▶ EXERCISE OBJECTIVE
Reproduce word for word every line from the one containing "ТК002НН1 Трунцал медный,серебро" through the end of the listing below; omit the pictures.

▶ SOURCE DATA
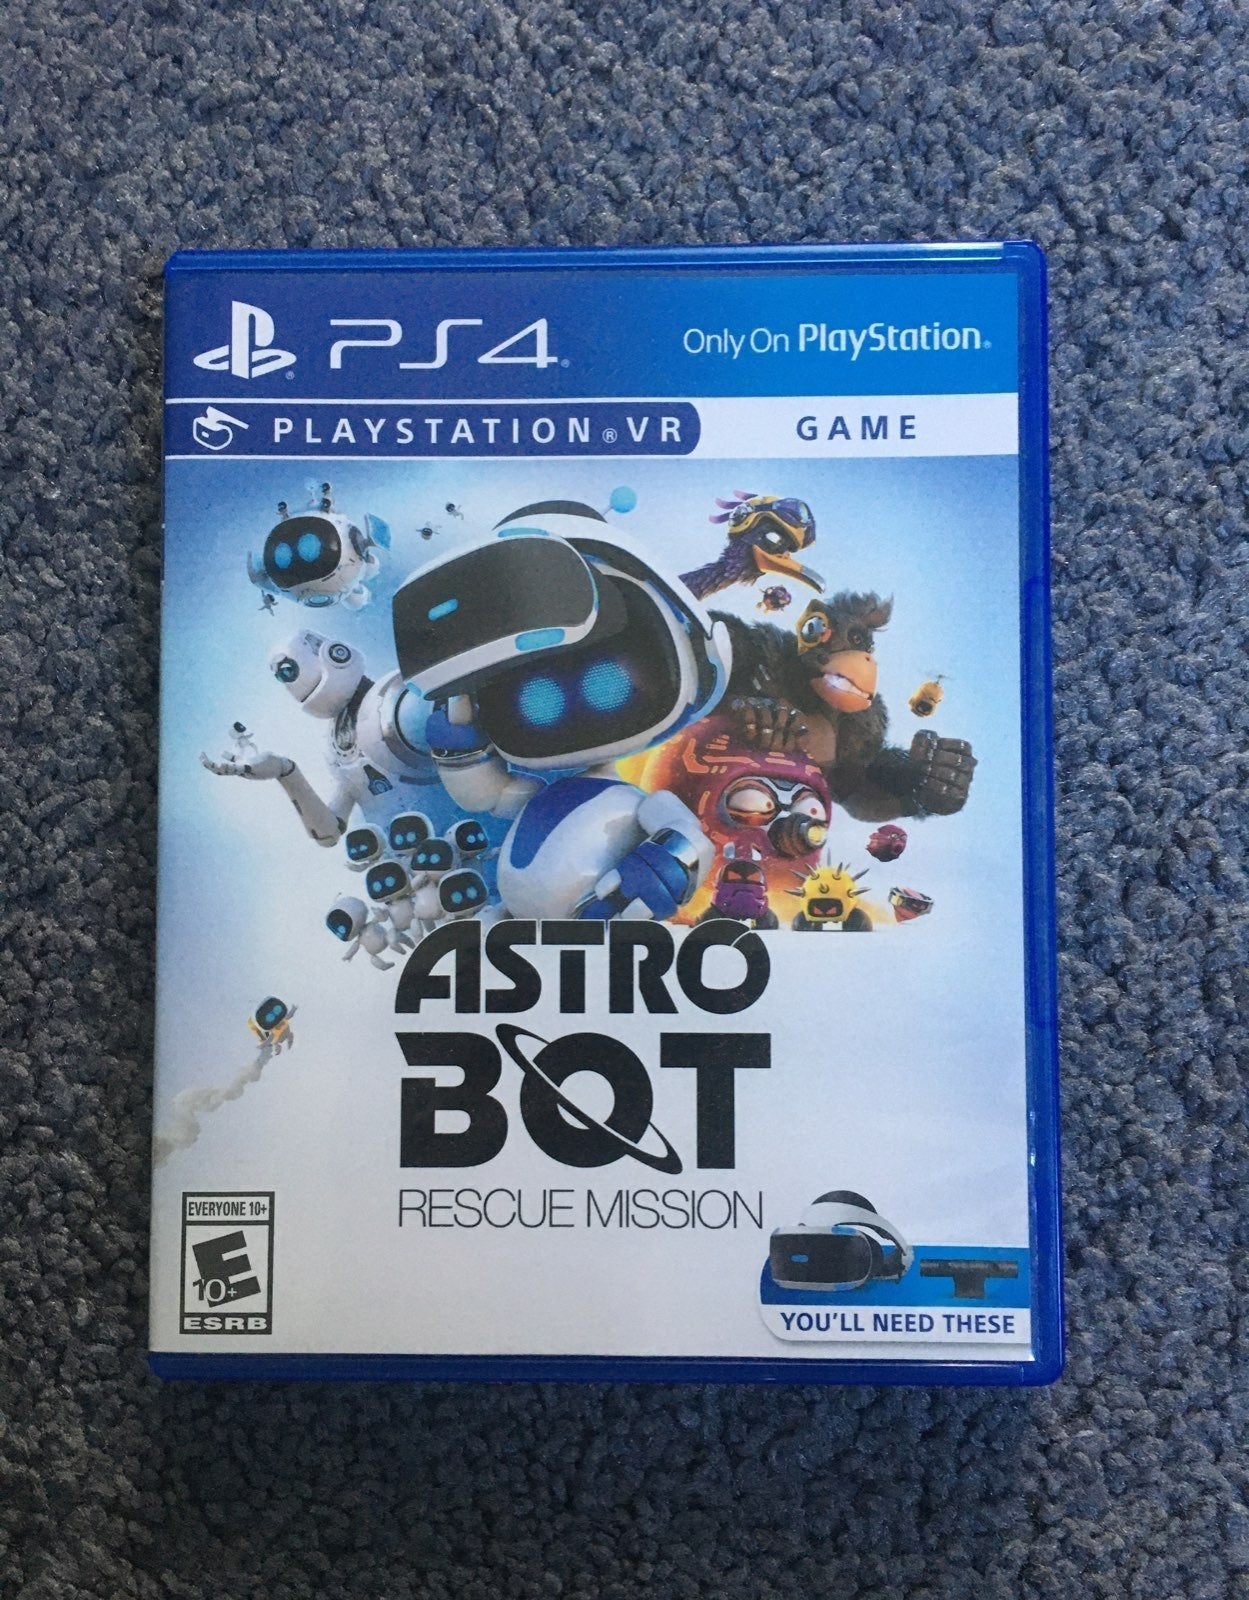 PS4 Astro Bot Rescue Mission
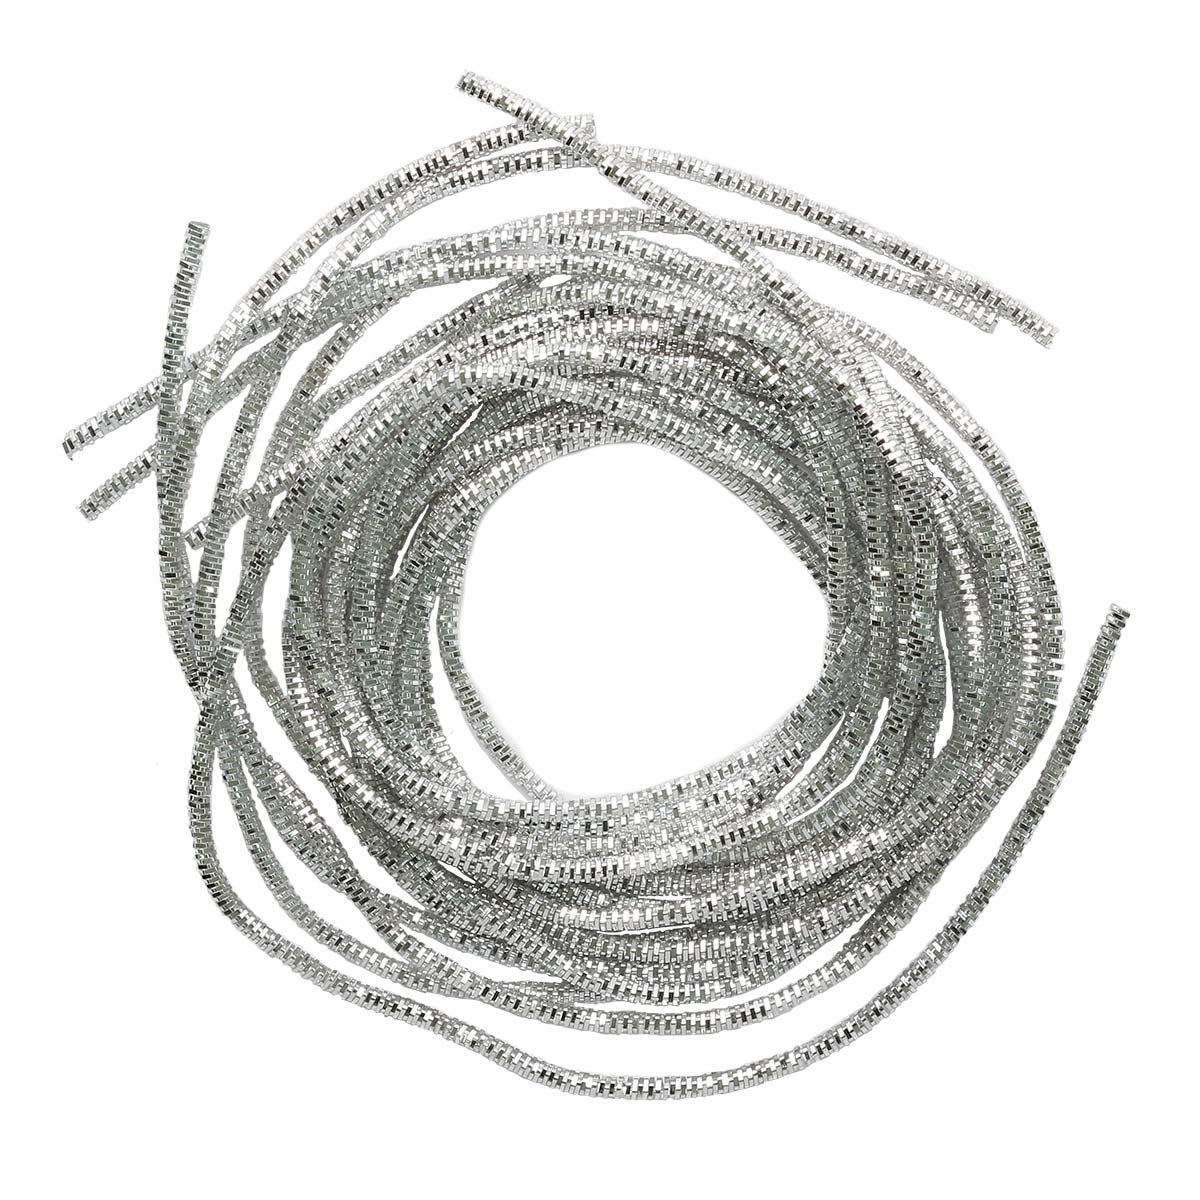 ТК002НН1 Трунцал медный,серебро 1,5 мм, 5 гр/упак Астра
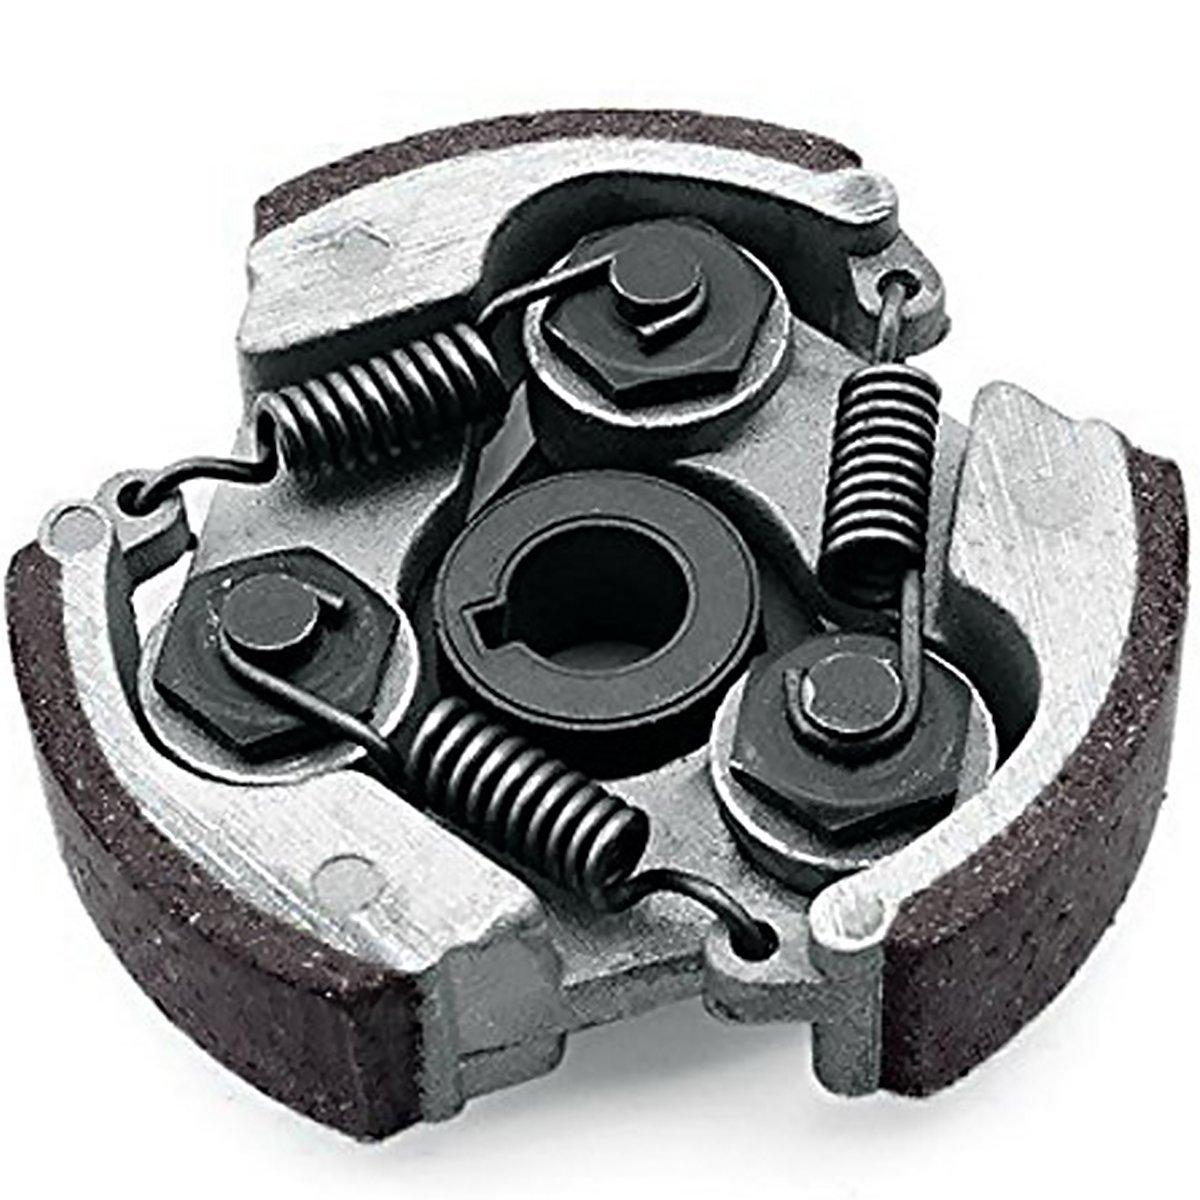 Mini Pocket Bike Clutch for 47cc 49cc Parts Cag Mta2 Mta3 by Amhousejoy DONGCHENG XINWEI

▶ RESPONSE FOR THIS EXERCISE
 ТК002НН1 Трунцал медный,серебро 1,5 мм, 5 гр/упак Астра
 Mini Pocket Bike Clutch for 47cc 49cc Parts Cag Mta2 Mta3 by Amhousejoy DONGCHENG XINWEI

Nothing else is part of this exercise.